The TeamPCP threat actor group executed a sophisticated supply-chain attack targeting the Telnyx Python SDK by publishing malicious versions 4.87.1 and 4.87.2 on the PyPI repository. This campaign marks a tactical evolution from their earlier LiteLLM campaign, incorporating advanced evasion and persistence techniques. The malicious payload is activated immediately upon import of the compromised SDK, leveraging WAV-based steganography to conceal malicious code within audio files, thereby complicating detection by traditional static and dynamic analysis tools. Additionally, the attack employs split-file code injection, distributing the malicious logic across multiple source files to evade signature-based detection and complicate forensic analysis. The payload supports multiple operating systems—Linux, macOS, and Windows—broadening the attack surface. On Windows, persistence is achieved through the Startup folder, ensuring execution on system reboot. The payload downloads and executes credential-stealing malware designed to exfiltrate sensitive authentication data, posing a significant risk to user accounts and organizational security. Notably, the attackers transitioned their command and control infrastructure from encrypted HTTPS to plaintext HTTP, which may inadvertently expose their activities to network defenders but could also indicate operational trade-offs or attempts to blend with benign traffic. Given the nature of the supply-chain compromise, any organization relying on the Telnyx Python SDK versions 4.87.1 or 4.87.2 is at risk. The absence of a CVSS score necessitates an independent severity assessment, which is high due to the multi-platform credential theft capabilities, stealthy evasion, and persistence mechanisms. Indicators of compromise include several file hashes and an IP address (83.142.209.203) associated with the campaign. Organizations are strongly advised to revert to the last known clean SDK version and conduct thorough incident response procedures to identify and remediate any compromise.

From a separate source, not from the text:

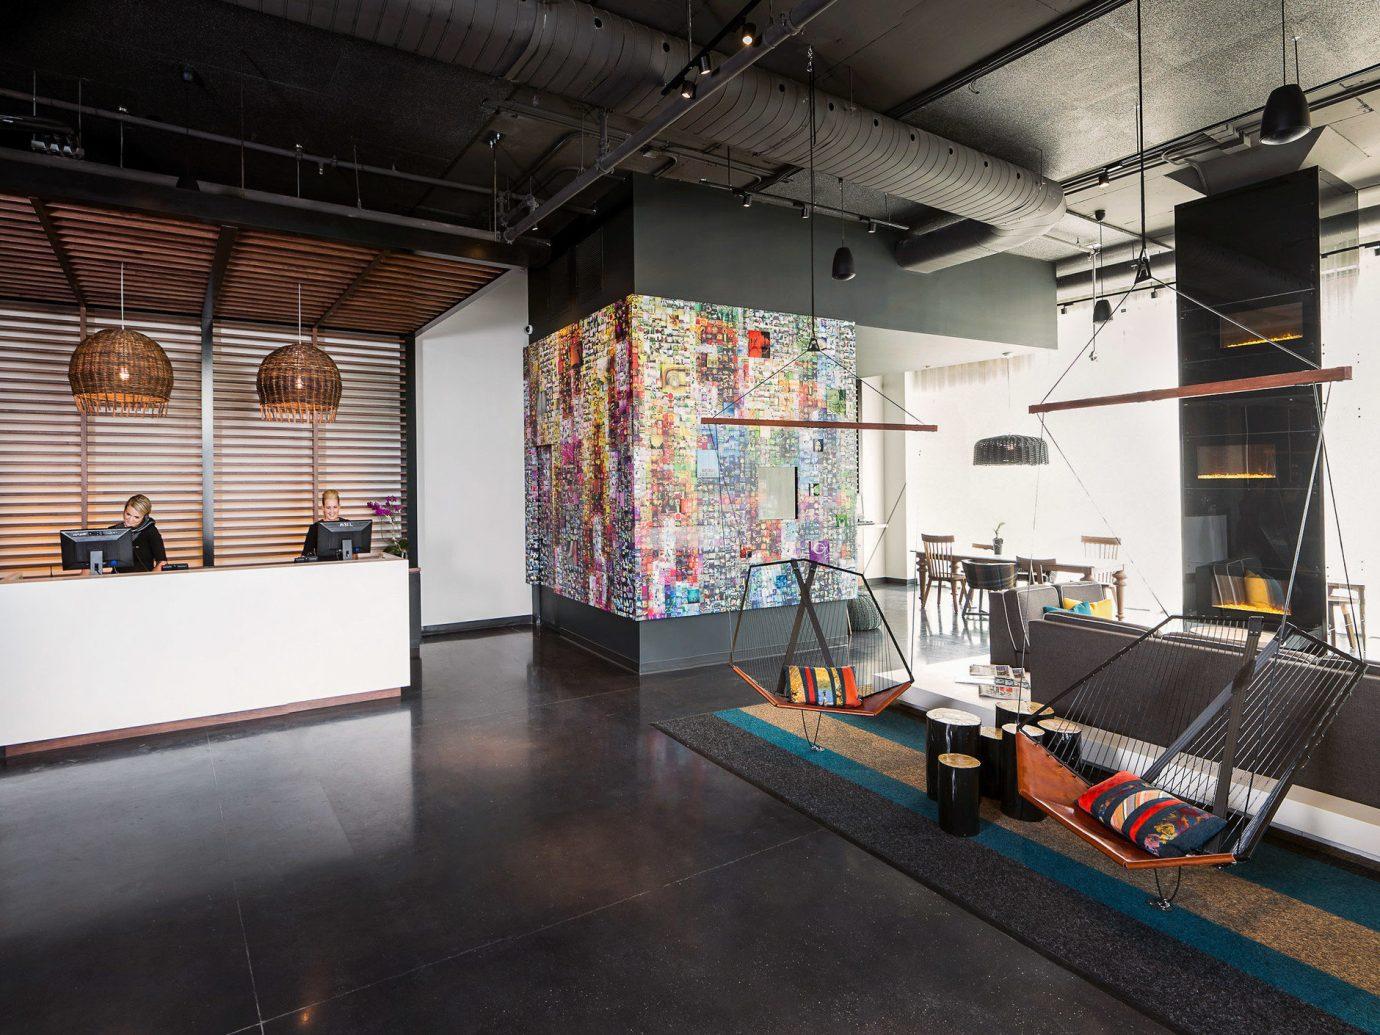 Canada Hotels Montreal Trip Ideas interior design loft exhibition building

This supply-chain attack threatens organizations worldwide that use the Telnyx Python SDK, potentially compromising sensitive credentials across Linux, macOS, and Windows environments. Credential theft can lead to unauthorized access to critical systems, data breaches, lateral movement within networks, and further malware deployment. The multi-platform nature increases the scope of affected systems, including development, production, and CI/CD environments. The use of advanced evasion techniques such as audio steganography and split-file injection complicates detection and forensic efforts, increasing dwell time and risk of extensive compromise. Persistence on Windows systems via the Startup folder ensures malware survival across reboots, facilitating long-term access. The shift to plaintext HTTP C2 traffic could allow network defenders to detect and disrupt communications, but also indicates attackers’ confidence or operational constraints. The attack undermines trust in open-source supply chains, potentially impacting software development workflows and increasing operational costs due to remediation and incident response. Organizations may face regulatory and reputational damage if credential theft leads to data breaches or service disruptions.

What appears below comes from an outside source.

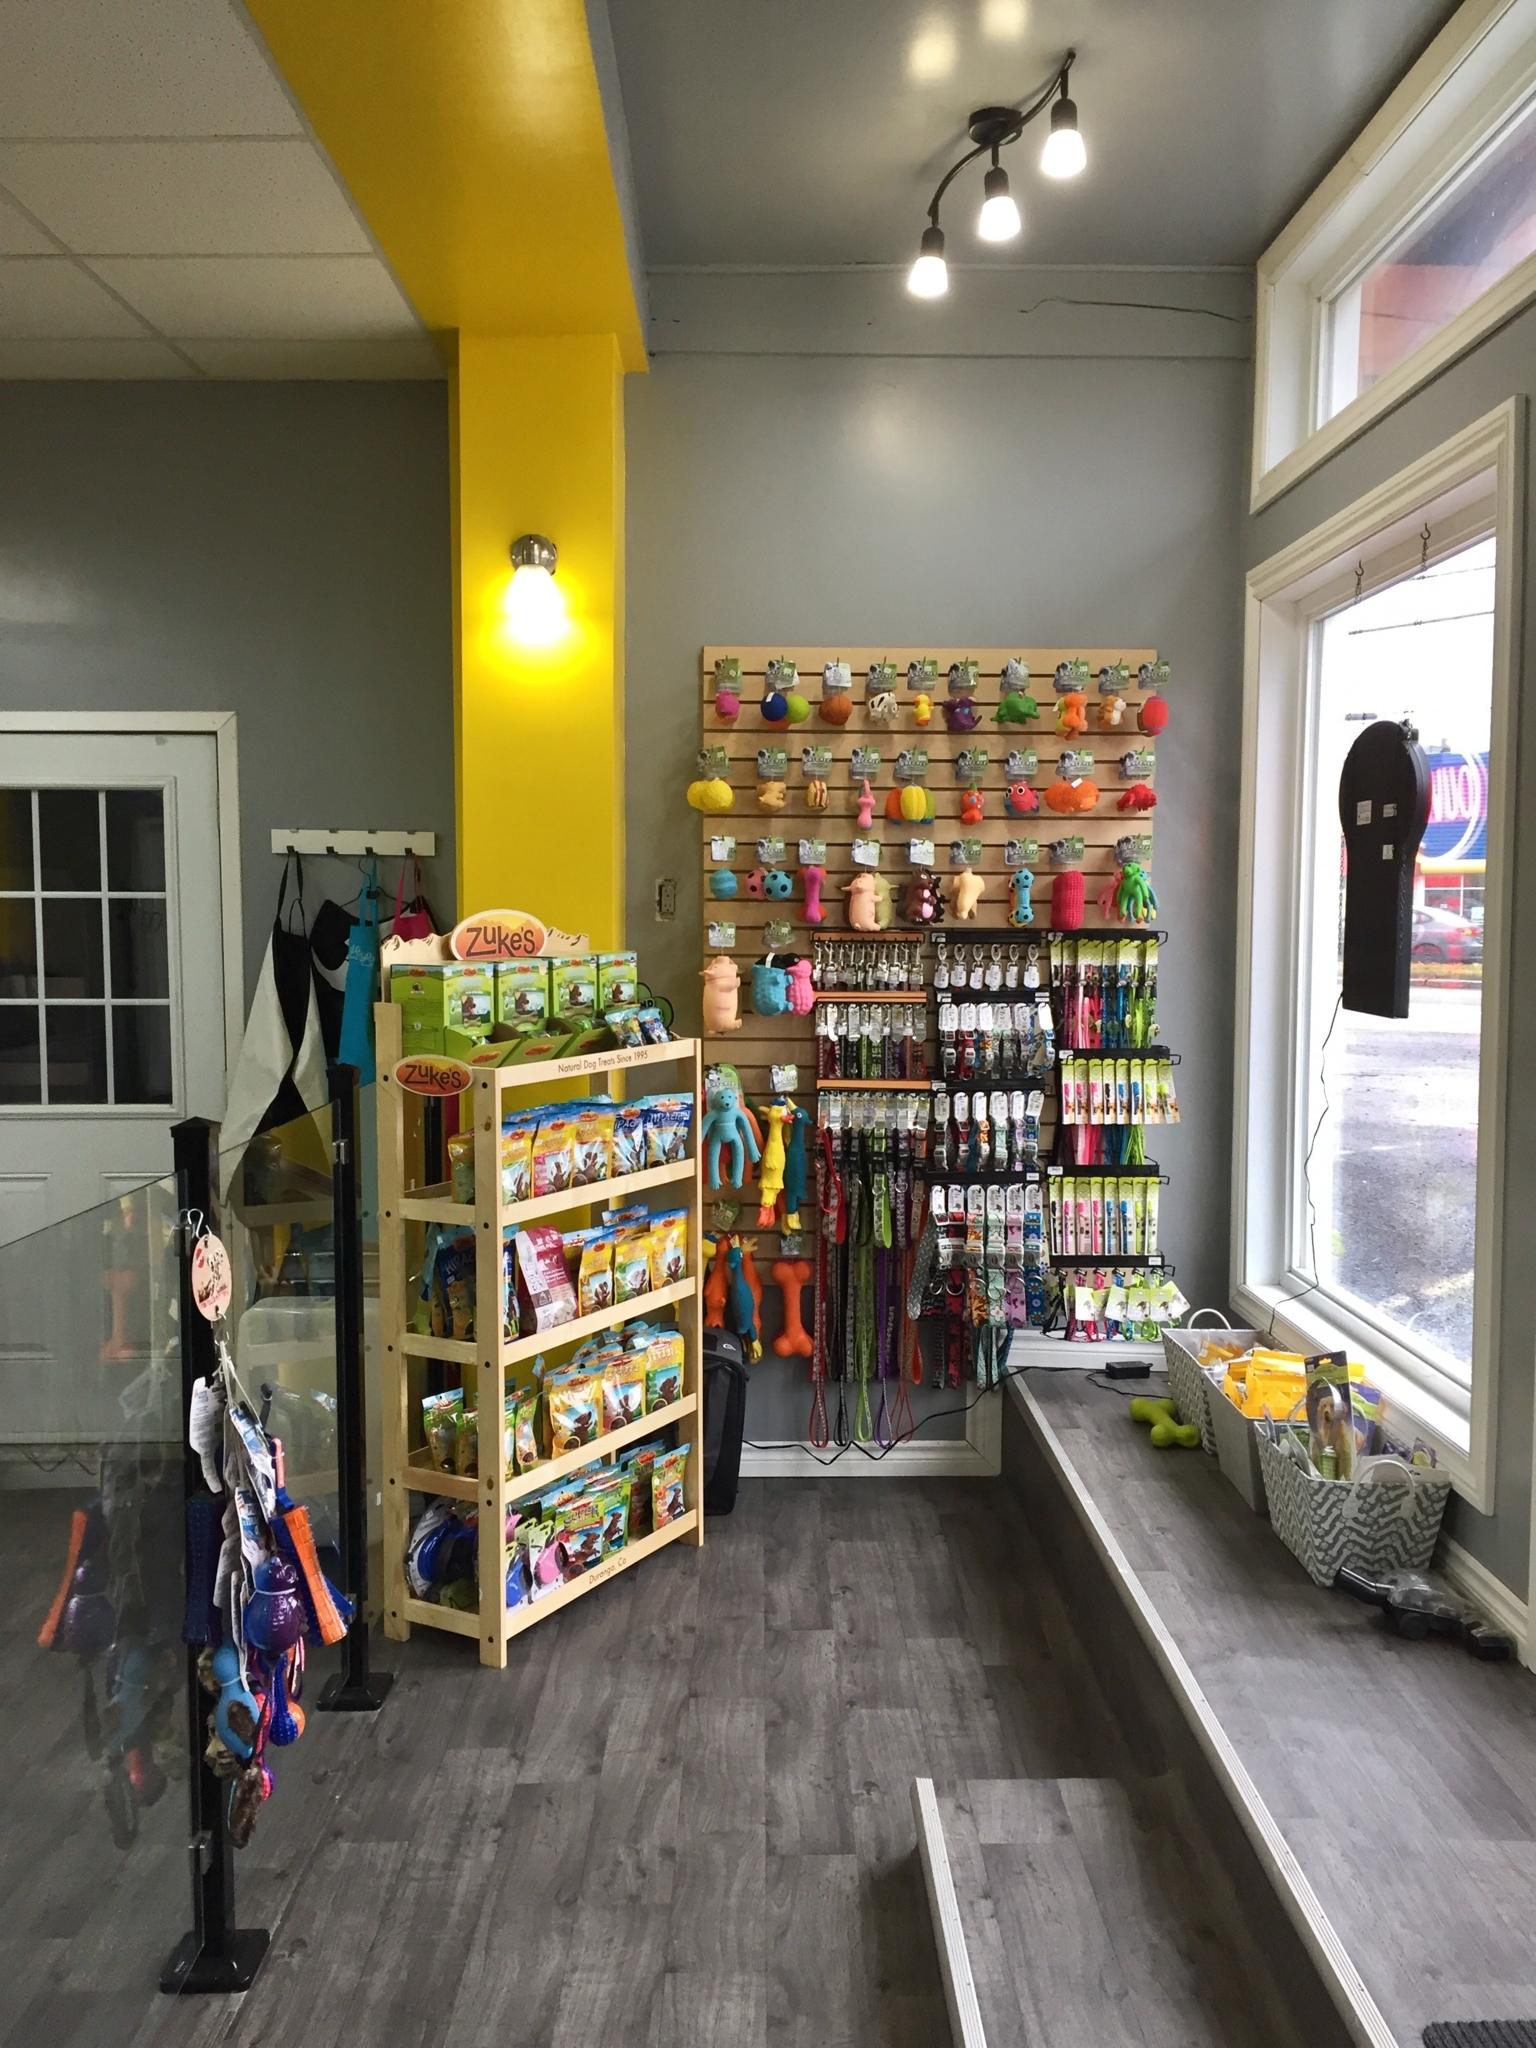 Salon Patte de Peluche Inc in Québec

1. Immediately downgrade the Telnyx Python SDK to the last known clean version prior to 4.87.1 and 4.87.2 to prevent further exposure. 2. Conduct comprehensive endpoint and network forensics to identify any signs of compromise, focusing on the presence of the identified malicious hashes and suspicious network traffic to IP 83.142.209.203. 3. Implement enhanced monitoring for unusual process behaviors, especially those involving audio file processing or unexpected network connections over plaintext HTTP. 4. Audit Windows systems for unauthorized persistence mechanisms, particularly in the Startup folder, and remove any suspicious entries. 5. Employ advanced threat detection tools capable of analyzing steganographic content and split-file injection patterns to improve detection capabilities. 6. Rotate all potentially compromised credentials and enforce multi-factor authentication to limit attacker access. 7. Educate development and DevOps teams on supply-chain risks and enforce strict package version controls and integrity verification (e.g., hash checks, signed packages). 8. Utilize network segmentation and egress filtering to limit malware communication channels. 9. Collaborate with threat intelligence providers to stay updated on emerging indicators and tactics from TeamPCP. 10. Consider deploying runtime application self-protection (RASP) or behavior-based anomaly detection within critical environments to detect malicious SDK behavior in real time.